Radiation Hot Spots Near Olympic Sites: What Is The Risk For Athletes And Spectators?

Warnings of radiation hotspots in parts of Fukushima that will host the Olympic torch relay and several sporting events have made headlines, but what is the risk for athletes and spectators?

Since the 2011 tsunami that triggered the Fukushima nuclear accident, Japan has carried out extensive decontamination in affected areas and lifted evacuation orders. It hopes the Games will showcase recovery in areas devastated by the tsunami that left over 18,500 people dead and missing, and unleashed the worst nuclear accident since Chernobyl.

But activists, including local NGOs and Greenpeace, have been vocally critical of government efforts and made a splash with the discovery last year of multiple radioactive hotspots near the start of the Olympic torch relay route.

Japan is being accused of “deceiving people” by underplaying ongoing health risks by Greenpeace.

  • At issue are patches of ground where radiation levels of 1.7 microsieverts per hour at one metre (one yard) above the surface has been detected.
  • That compares with the nationally allowed safety standard of 0.23 microsieverts per hour and a normal reading in Tokyo of around 0.04 microsieverts per hour.
  • The hotspots showed a reading of 71 microsieverts per hour at the surface level.
  • Greenpeace argues the hotspots pose a threat less from radiation, but more if contaminated soil is inhaled in the form of dust.
Government’s Defends

Every time we consider the possibility of lifting an evacuation order, first of all decontamination takes place and thereafter stringent monitoring is conducted,” Fukushima governor Masao Uchibori told journalists in February.

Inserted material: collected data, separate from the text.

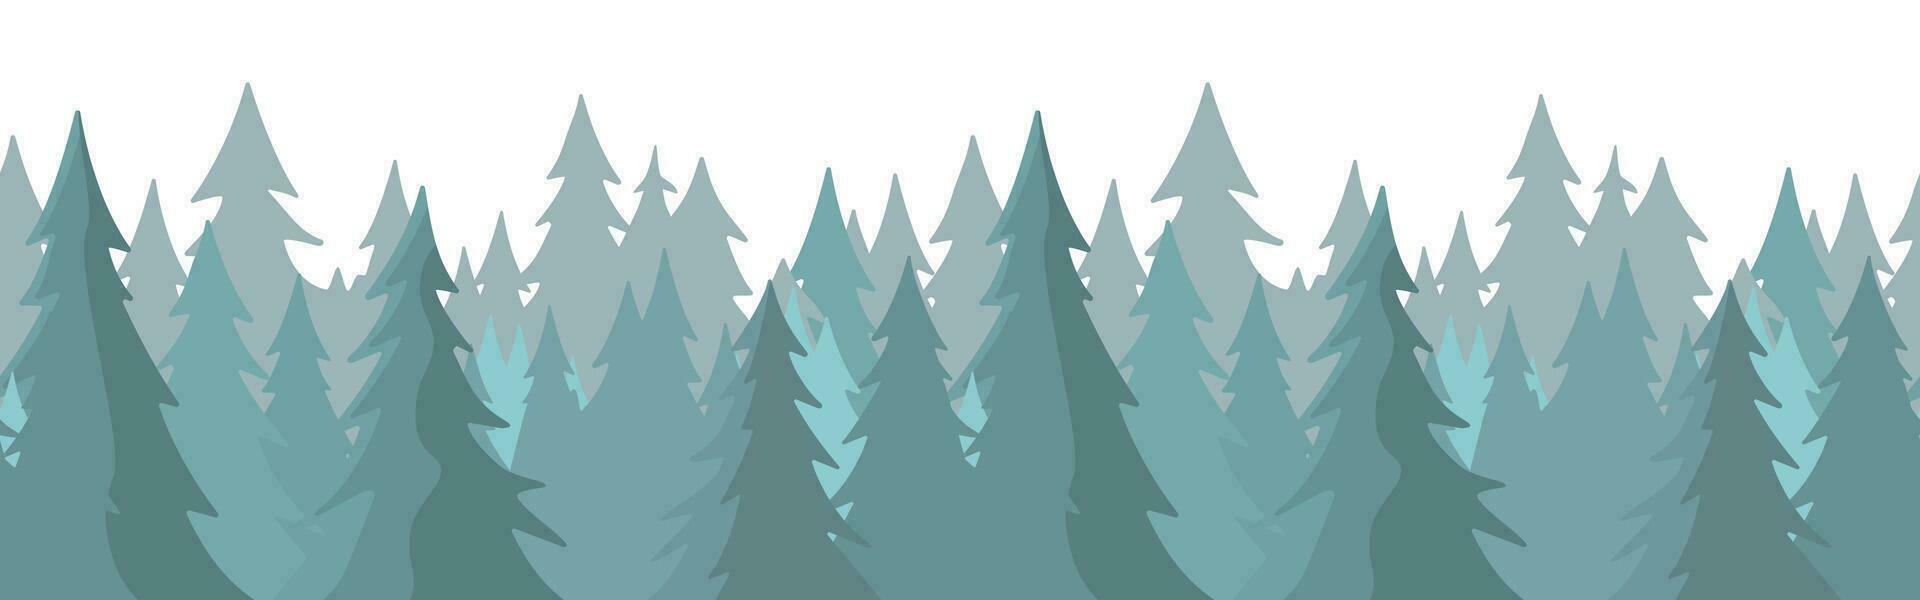 skog panorama se. tall träd landskap vektor illustration. gran silhuett. baner bakgrund. dimma vintergröna barr- träd.
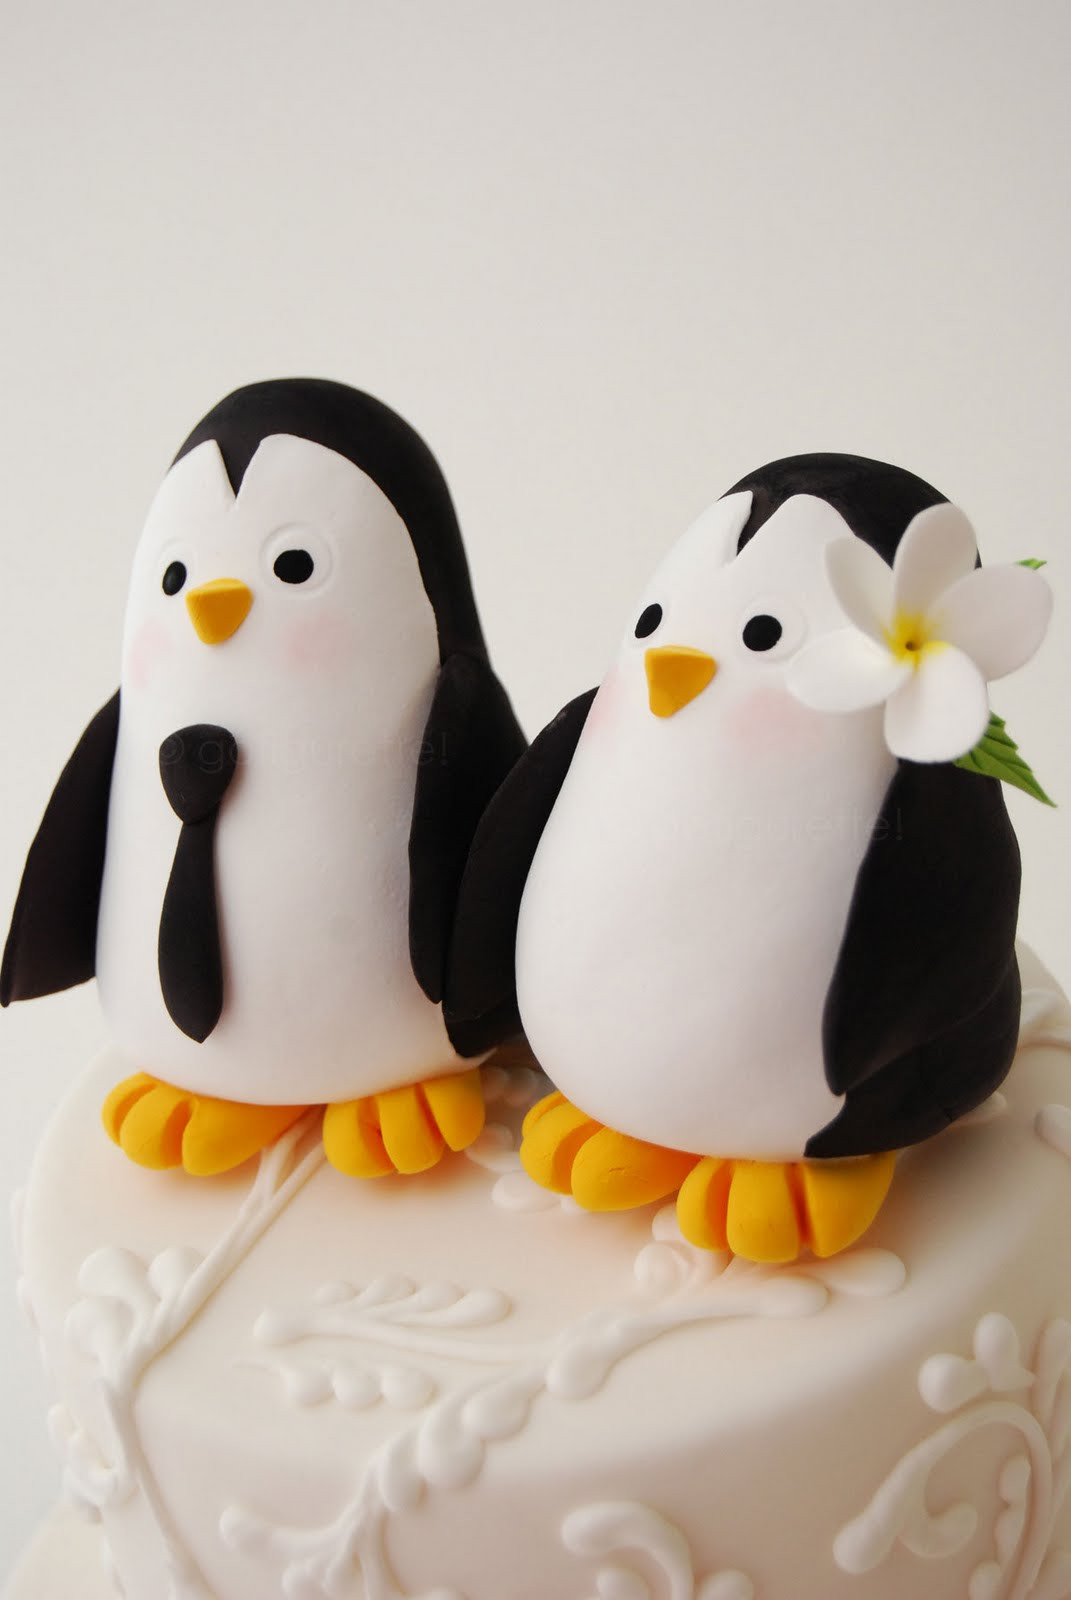 Penguin Wedding Cake Topper
 gofigurette Penguin Bride & Groom Cake Topper
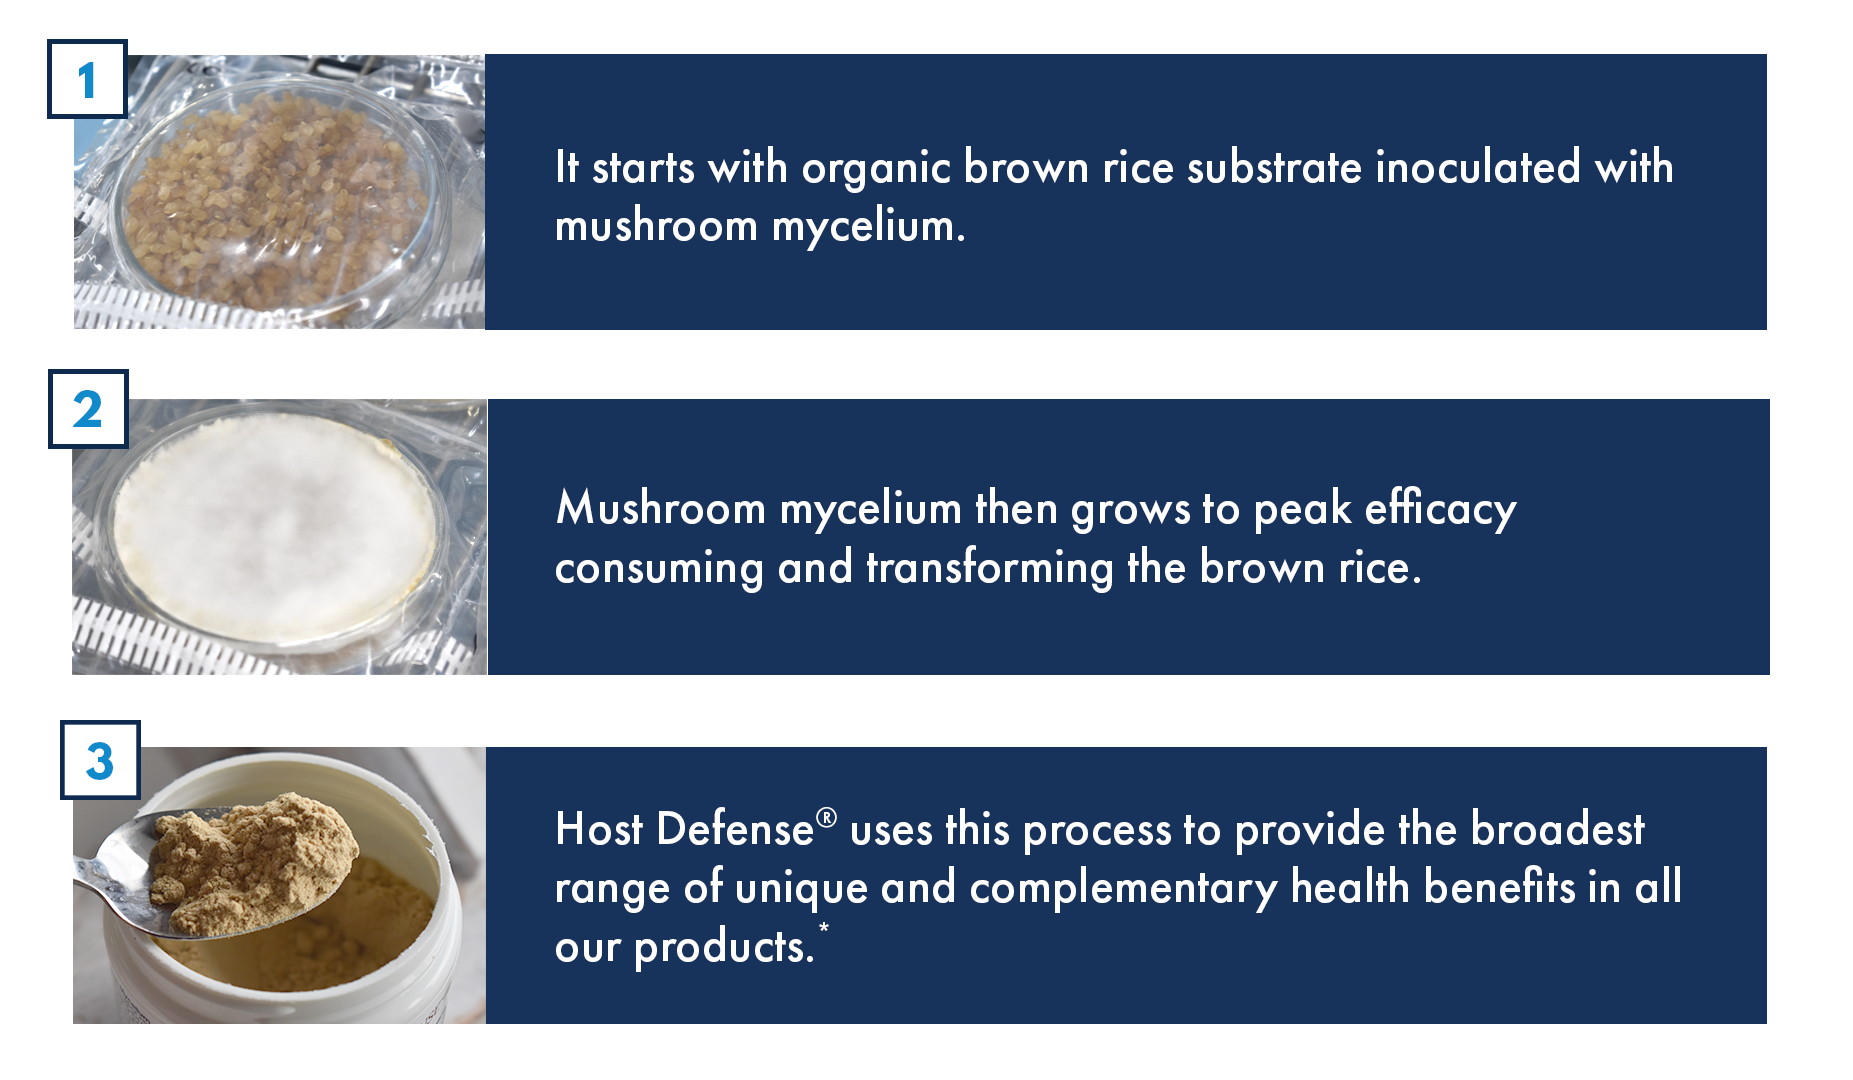 Growing Mushroom Mycelium on Brown Rice Substrate

Is Data on Cancer in the affected area conclusive?

Data on cancer in the affected area is not conclusive.

Thyroid cancer levels are higher, but this may be the result of dedicated screening programmes which detected small cancers that might otherwise have gone unnoticed.

Radiation readings should be understood in context, said Geraldine Thomas, director of the Chernobyl Tissue Bank and chair of molecular pathology at Imperial College London. “Are these readings a surprise? No they are not. Is this a significant health concern? Absolutely not,” she told.